Well. . . .it would only be fair. . . .you let me fondle your iPad. . . . .


----------



## Andra (Nov 19, 2008)

I have a KK and a K2US and a KDX and I have a new one on order.  Why?
The KK stays at home and is my reading in the evening device - it's a little bulkier and doesn't fit in my purse as well as the K2.  DH reads on the DX.  I'm going to the new one because I want to see what the new screen looks like.  I've never felt that the K2 was as easy on the eyes as my KK, so I think the new screen will be a good thing.  I also like the ability to pick a san serif font and I am excited that there is a color choice other than white.  So the new one will take the place of the K2 in my purse and the K2 will become the backup.


----------



## Mandy (Dec 27, 2009)

My husband and I were talking about this last night. He wanted to know why I wanted to upgrade, my K2i is only 5 months old. Of course I fell in love with the many new and improved features, but I did feel a little guilty when he said, "So when will I have to buy you the K4?"


----------



## The Hooded Claw (Oct 12, 2009)

Because of the lower prove on the wifi version, I can get the modest K3 improvements almost for free by selling my K2, do why not upgrade?


----------



## KayakerNC (Oct 7, 2009)

Mandy said:


> My husband and I were talking about this last night. He wanted to know why I wanted to upgrade, my K2i is only 5 months old. Of course I fell in love with the many new and improved features, but I did feel a little guilty when he said, "So when will I have to buy you the K4?"


Matthew 24:36, NIV.
_*"No one knows about that day or hour, not even the angels in heaven, nor the Son, but only the Father."*_


----------



## Mandy (Dec 27, 2009)

KayakerNC said:


> Matthew 24:36, NIV.
> _*"No one knows about that day or hour, not even the angels in heaven, nor the Son, but only the Father."*_


I'm gonna show him this when he gets home.  Where in eastern NC are you? I'm about 30 minutes south of Goldsboro.


----------



## KayakerNC (Oct 7, 2009)

Mandy said:


> I'm gonna show him this when he gets home.  Where in eastern NC are you? I'm about 30 minutes south of Goldsboro.

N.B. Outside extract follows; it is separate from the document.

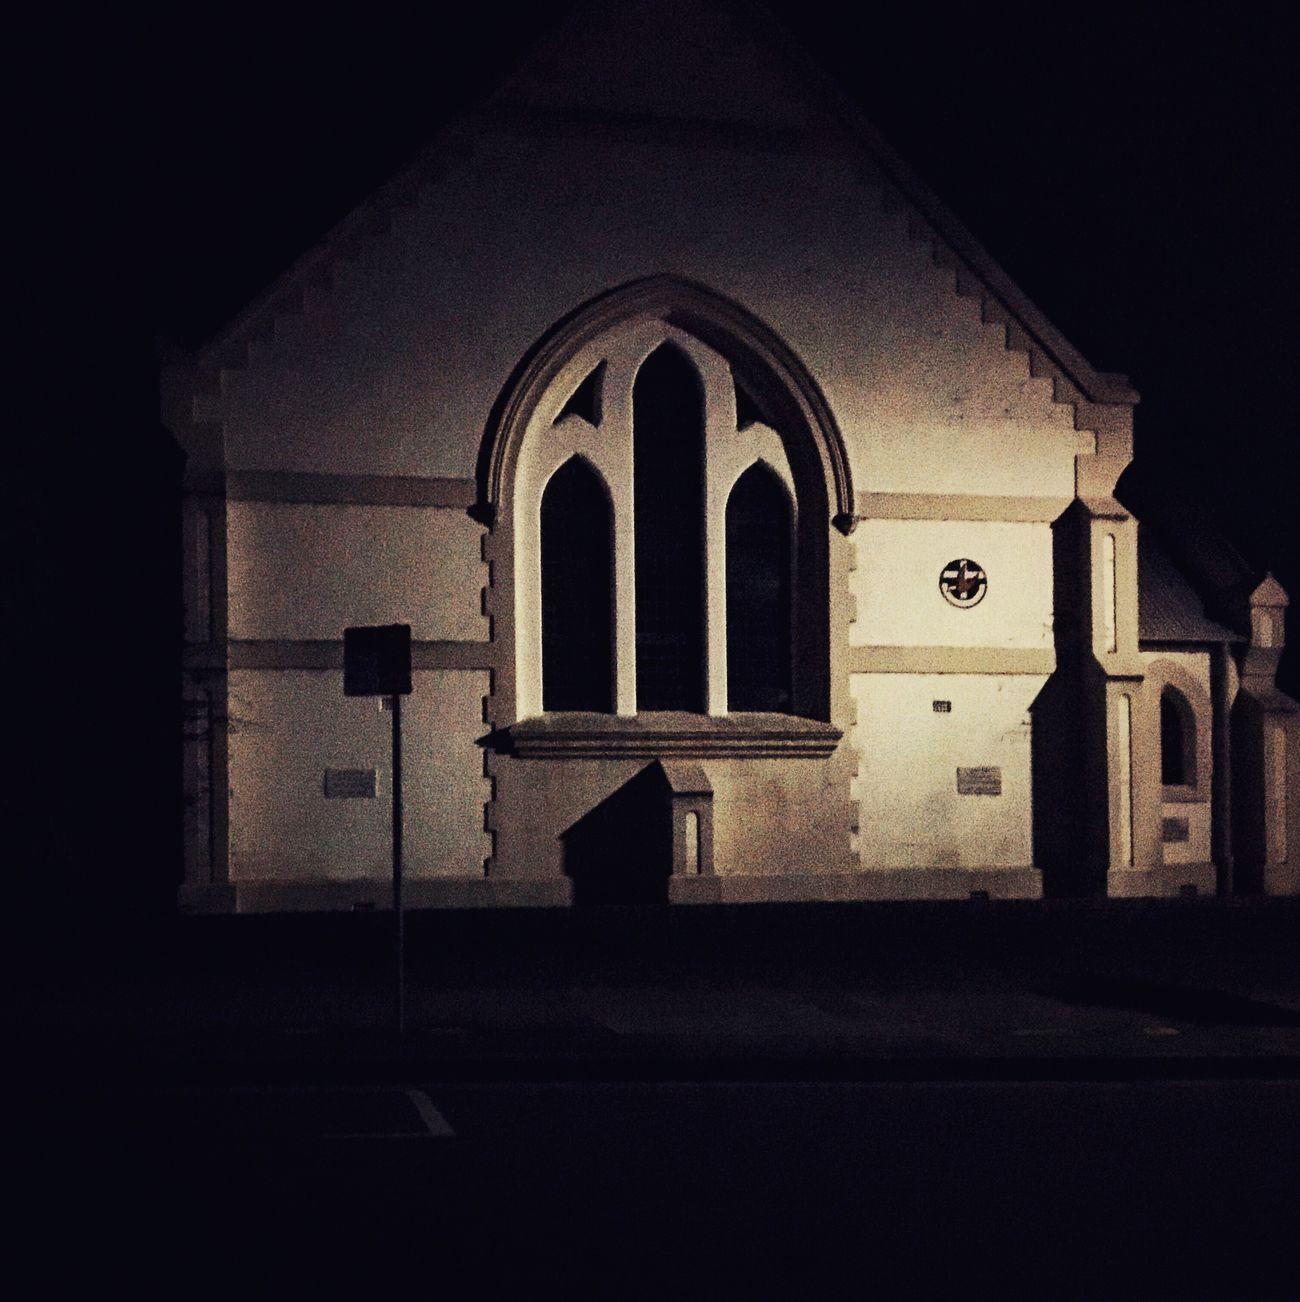 Sydney Iphoneography Nightphotography Vscofilm
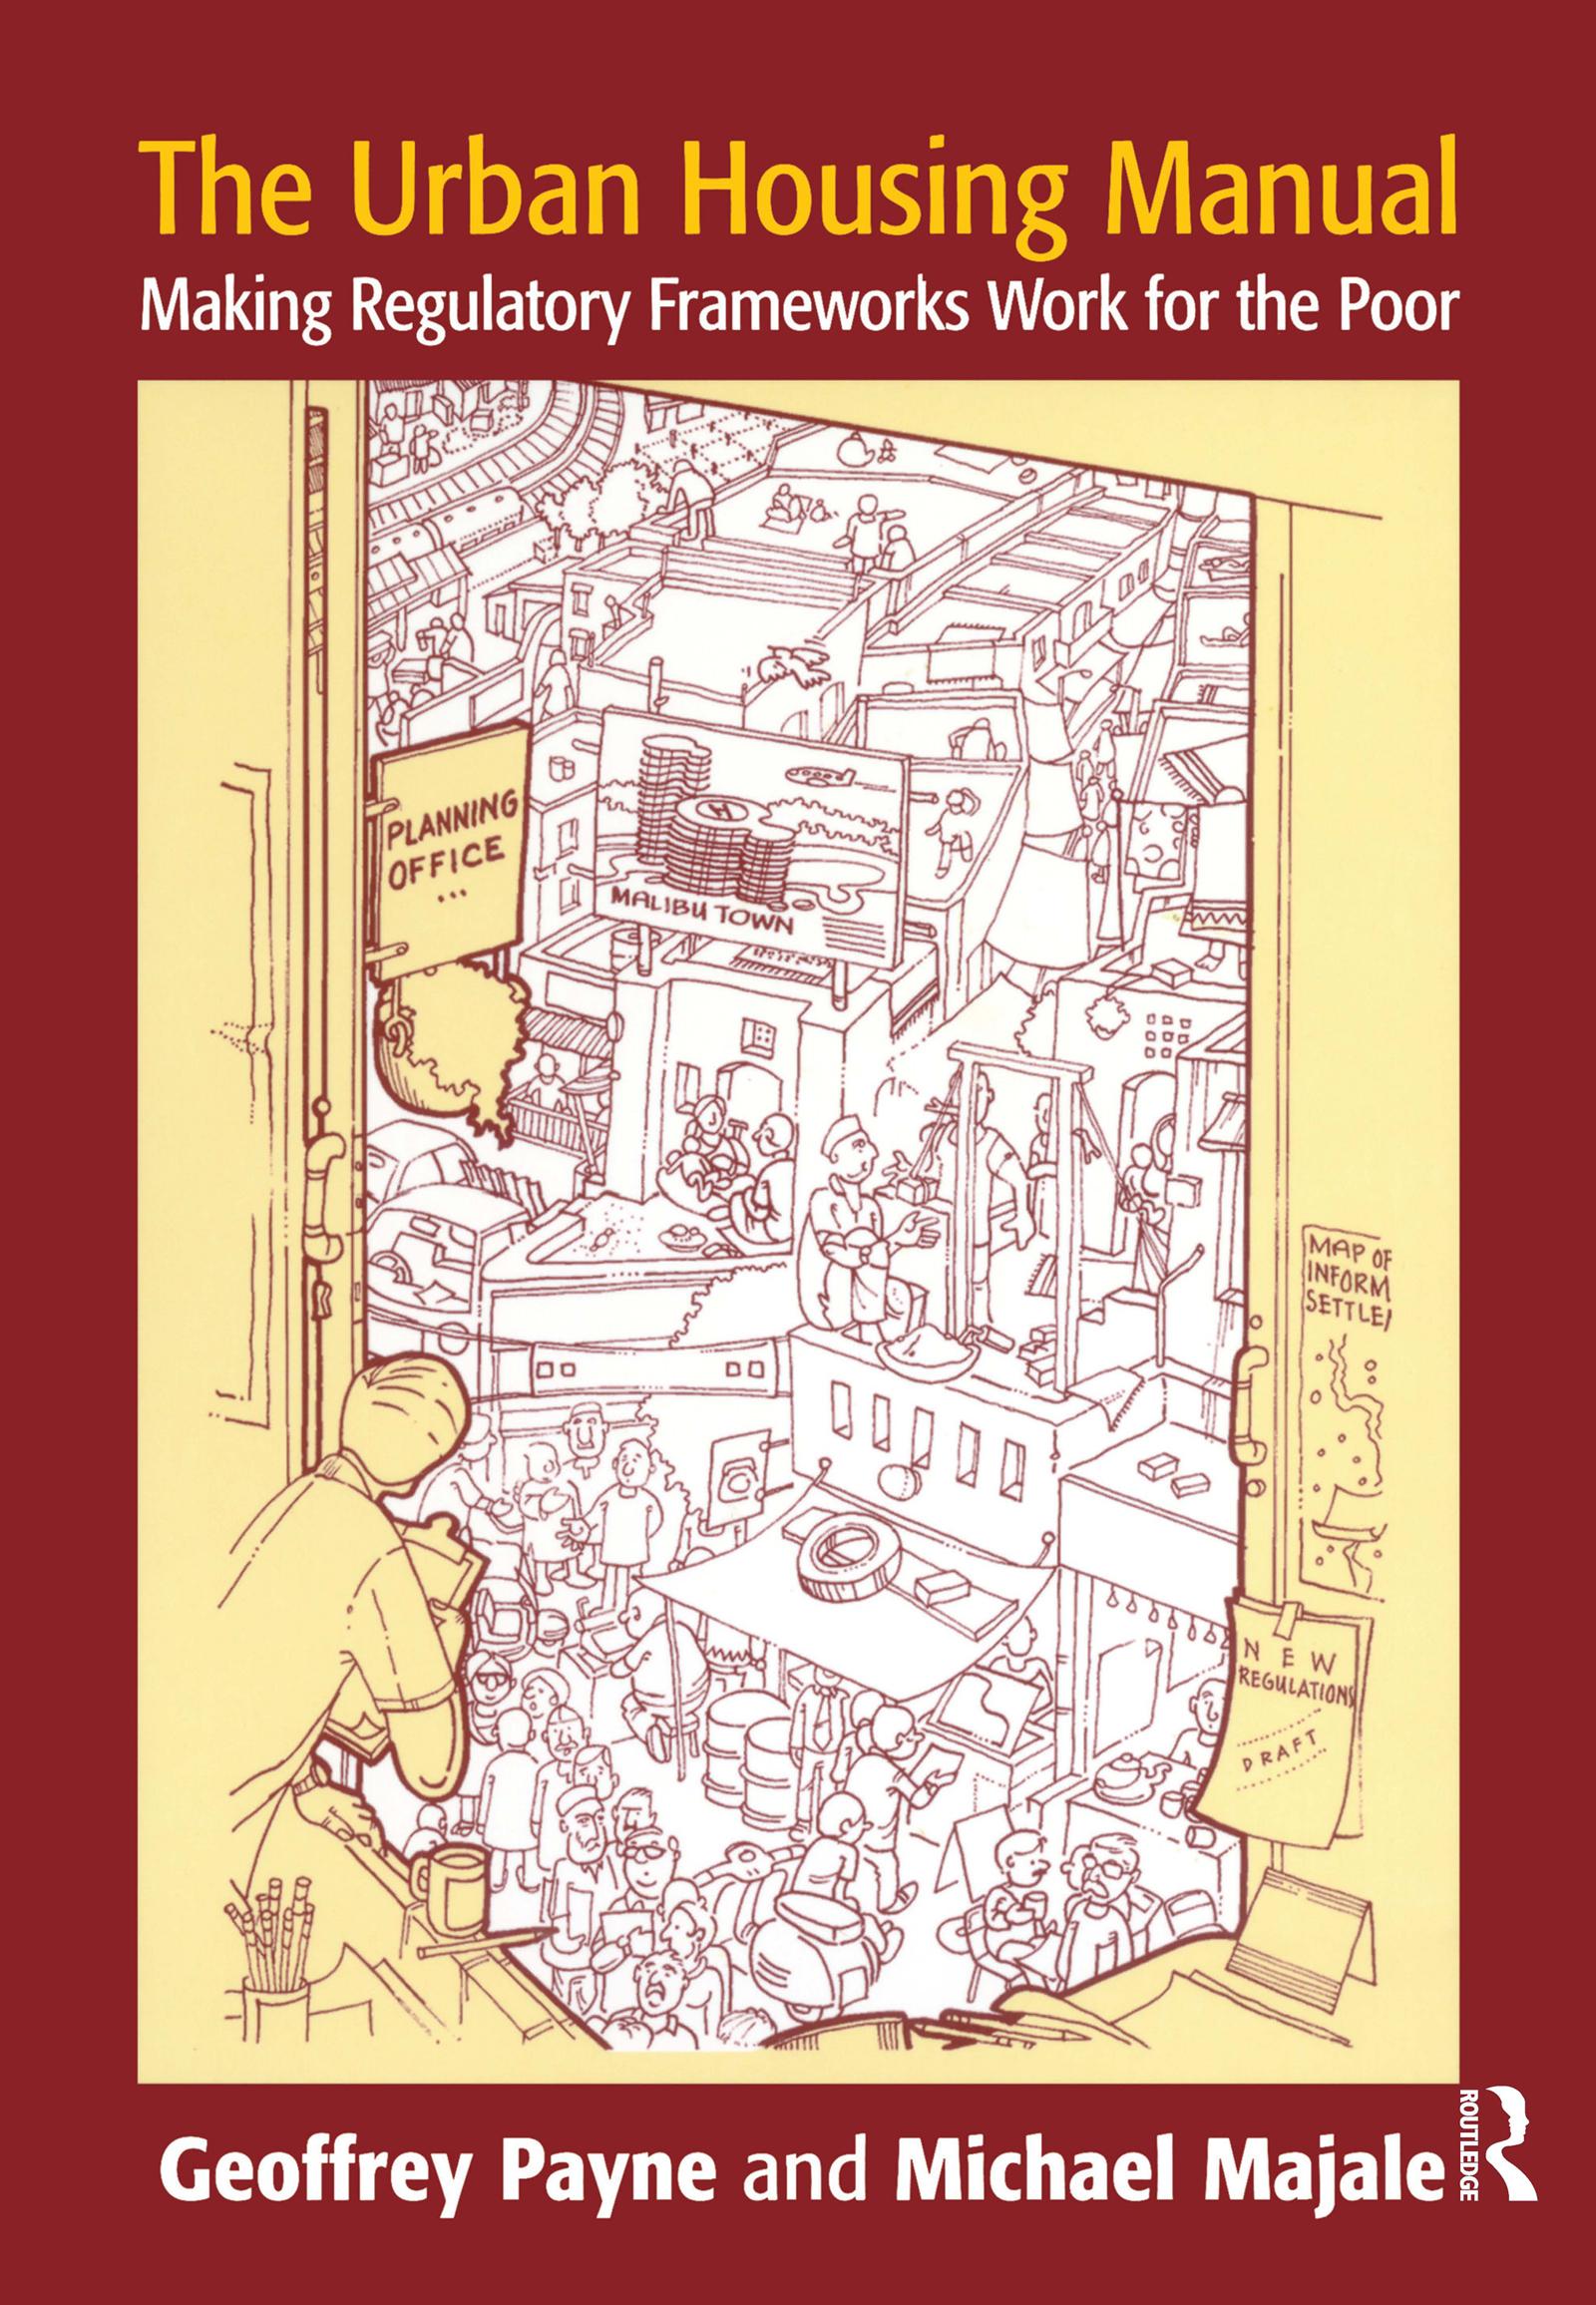 The Urban Housing Manual

Newport, a small town between Morehead City and Havelock (home of MCAS Cherry Point). 
Like Goldsboro, we are on Hwy 70.


----------



## Ann in Arlington (Oct 27, 2008)

The Hooded Claw said:



> Because of the lower *prove* on the wifi version, I can get the modest K3 improvements almost for free by selling my K2, do why not upgrade?


Your phone thinks it's smarter than you again. . . I'm guessing you meant "price"


----------



## luvmy4brats (Nov 9, 2008)

Well I could list all these really good reasons why I decided to get the K3 and give my K2 to my best friend, but in the end it all boils down to the fact that I'm a technology


Spoiler



whore


----------



## pidgeon92 (Oct 27, 2008)

.... and me? I just love ebook readers. I have my K2, my nook, my Sony-300 and my iPad. I read on all of them. I like the different technologies and features. It makes for a great conversation, and I can tell people which ebook reader will be right for them. Based on their needs, it is not always a Kindle.


----------



## malligator (Jul 1, 2010)

r0b0d0c said:


> LOL - that's my goal, too! Problem is, mrs. r0b0d0c is QUITE happy with her K1, and firmly believes that I "don't need" the K3. She's RIGHT, of course, but still ....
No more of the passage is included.